Walter Theodore “Sonny” Rollins was born in Harlem on September 7, 1930. His mom and his dad—who was a U.S. Navy veteran—immigrated to Harlem from the Virgin Islands in the Caribbean.
When he was still a little boy, something about Harlem’s jazz musicians made them his heroes. He listened to them play their sets through the basement windows of clubs. One evening, at the age of eight, he snuck into one. Finally, his mother gave him a secondhand alto saxophone. Then he acquired a tenor sax. That became the instrument of his fame.
He made his first recording in 1949, when he was about 19, and for a few years recorded as a sideman to some of the greats. In 1956 he recorded Saxophone Colossus, his breakthrough album as a leader. In reviewing it, Billboard magazine called him “one of the most vigorous, dynamic and inventive of modern jazzmen,” one who “develops each solo with great architectural logic.” Indeed, some critics came to regard Rollins as simply the greatest improviser in the history of jazz. His solos, said one French writer, would be more accurately thought of as sermons.
Rollins was named a “Jazz Master” by the National Endowment for the Arts in 1983 and received a lifetime achievement Grammy in 2004.
In 2010 he was elected to the American Academy of Arts and Sciences and the next year received both a National Medal of Arts and was named a Kennedy Center Honoree.
In 2024, Rollins became the last survivor of the 58 musicians portrayed in photographer Art Kane’s famous photo “Harlem 1958”—often referred to as “a great day in Harlem”—that Kane took for Esquire magazine.
In that picture, alongside Rollins, were also Count Basie, Art Blakey, Dizzy, Coleman Hawkins, Horace Silver, Monk, Mingus, and Lester Young. All of them among the greatest American musicians of the 20th century.
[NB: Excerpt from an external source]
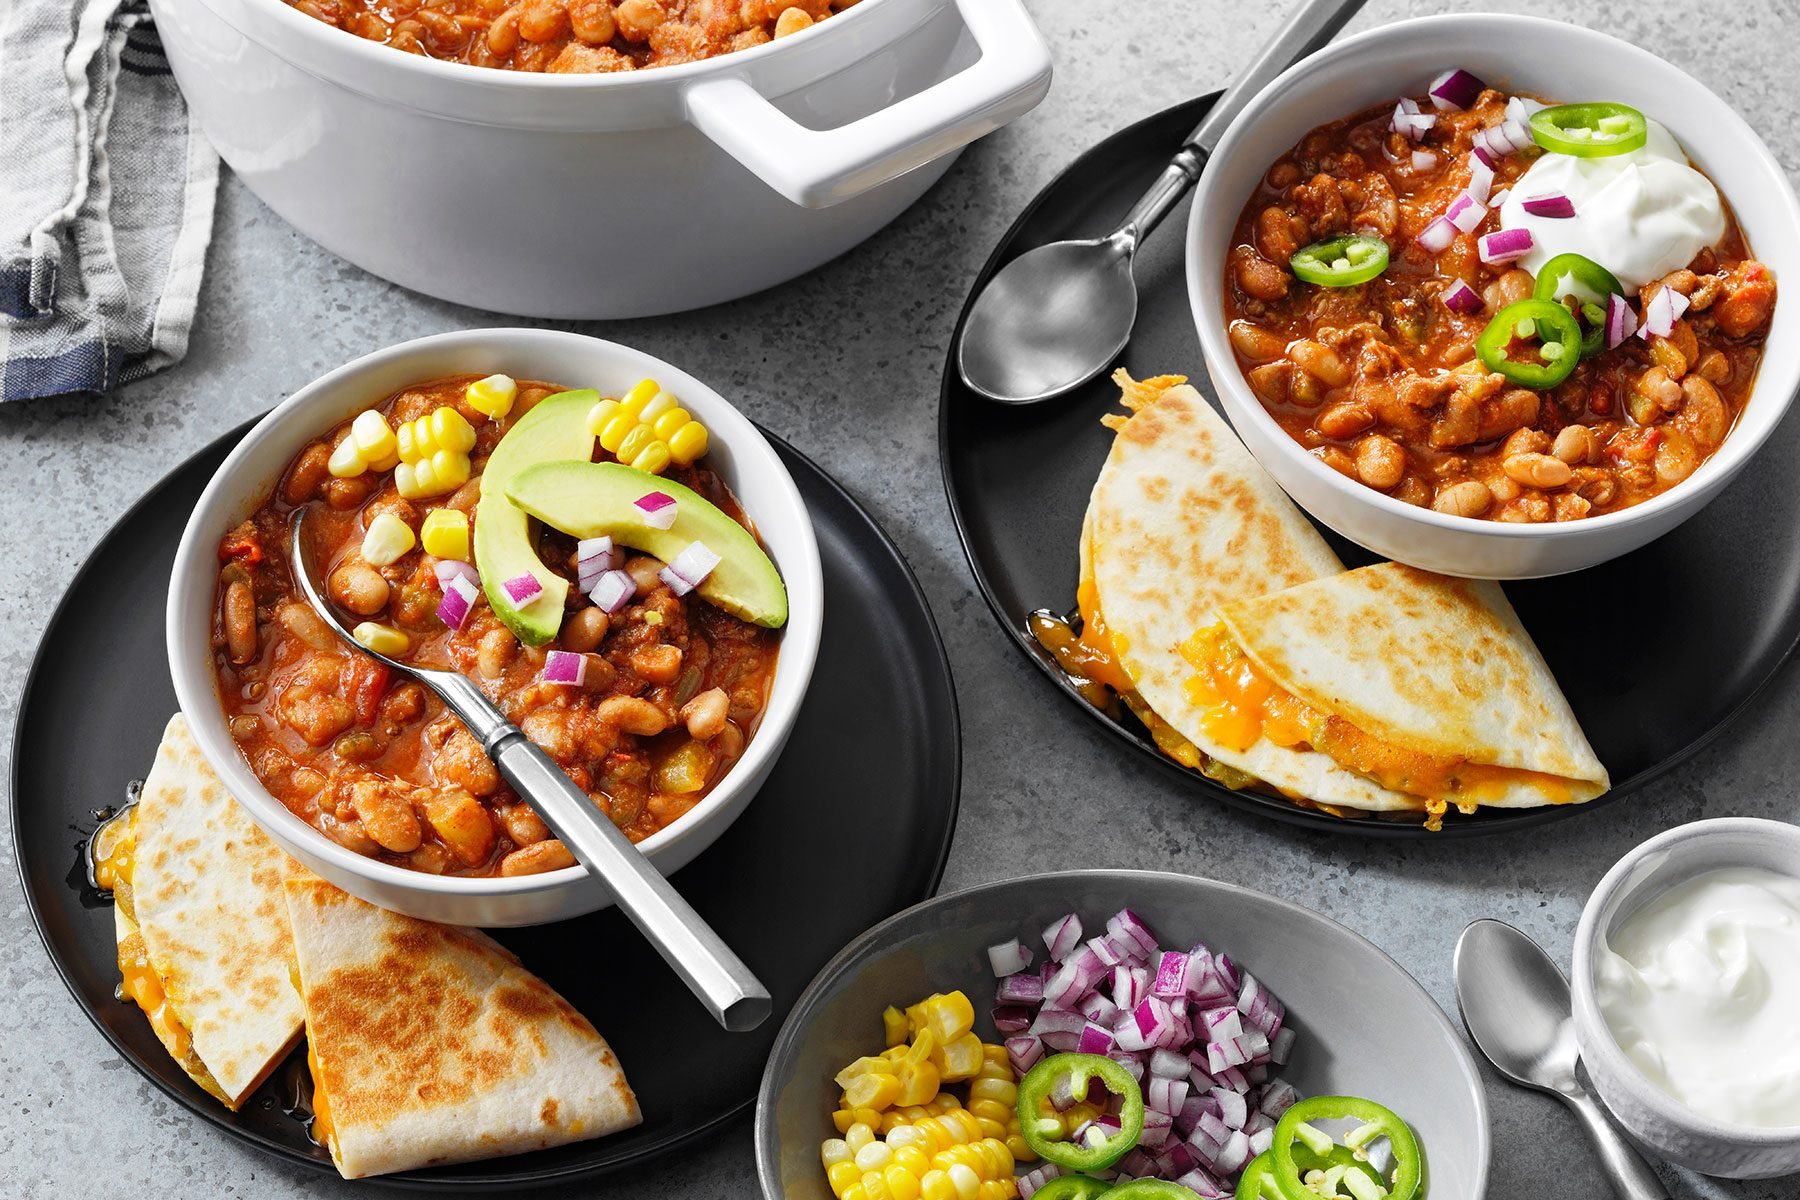 Pinto Bean Chili served with veggies and pita bread

And now, all of them gone. Last Monday, Sonny Rollins died at his home in Woodstock, New York. He was 95.
Today, put on his 1956 tune “St. Thomas” and listen to the clarity and richness of his tone. Listen to the shape of his phrases, each one as coherent as a sentence. Feel the smoothness of this most sublime communication as it reaches and envelopes you. That’s the eternal sound of a gifted artist.